I *heart* the way you described the rav! LOL

carlita dee said...

You are up?! You're as bad as me. :)

yaiAnn said...

Holy Crap! You're right.. it's totally worse elsewhere! I don't feel so bad now.. but it doesn't put more money in my pocket. ha!

carlita dee said...

It is, but my point is that we all could be headed there, and "worse" should really only be relative to how we feel about our own accumulation of stuff. But it's not.

Christie said...

I totally agree with you. Awards for the largest stash? Geez.

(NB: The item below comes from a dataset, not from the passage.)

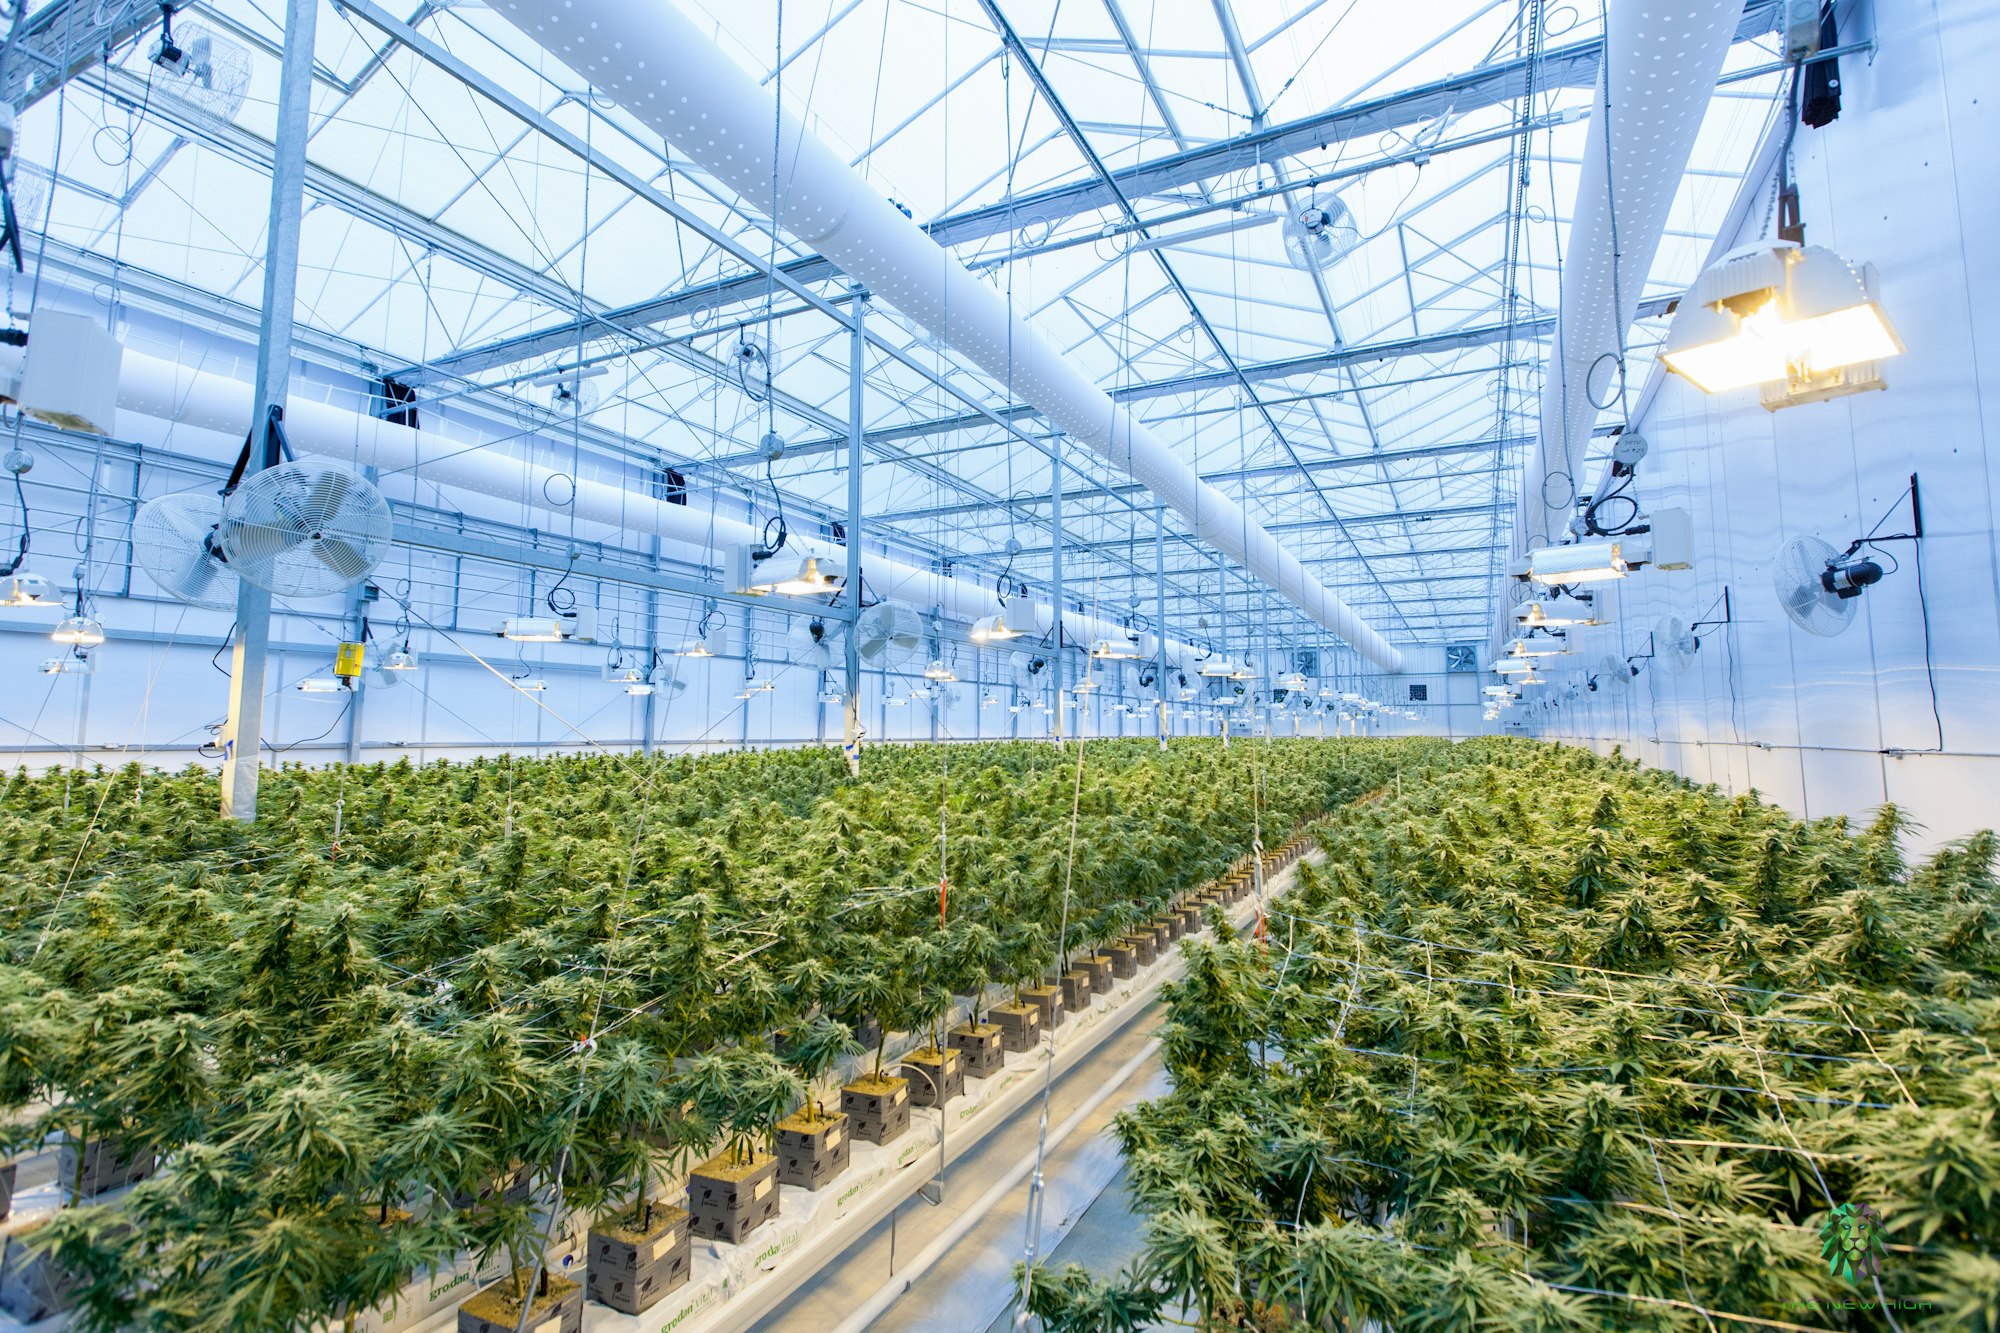 Global enterprise Bayer partners with Prospera to bring greenhouse growers into the age of AI

I do love checking out who has and who did what on Ravelry...it's interesting and sometimes I learn something.

I do think there is a attitude of the bigger the stash the better, but who wants to own more yarn than you could ever imagine knitting? I started listening to L & V for awhile and found myself needing more and more yarn...for no reason at all, other than to ooh and aah. I didn't feel better about it, but the enabling!

So like you said, with the beginning of the year, I evaluated what I've already spent my money on, and it is time to put it to use before I put any more out on something new. I say that, but who spent $20 on yarn last night...oh the knitter's life!

Anonymous said...

Hey sappmama, where or how did you learn hand embroidery? It is so beautiful and I can't do it to save my life. I am NOT a fan of machine embroidery. Is it something I should be able to teach myself with books?
Jeez, more books?????

I have just discovered EZ books and have collected them almost all within 2 wks. among others to be sure. Teaching myself to knit.

Heather

carlita dee said...

Heather, EZ? You're in trouble now, girl.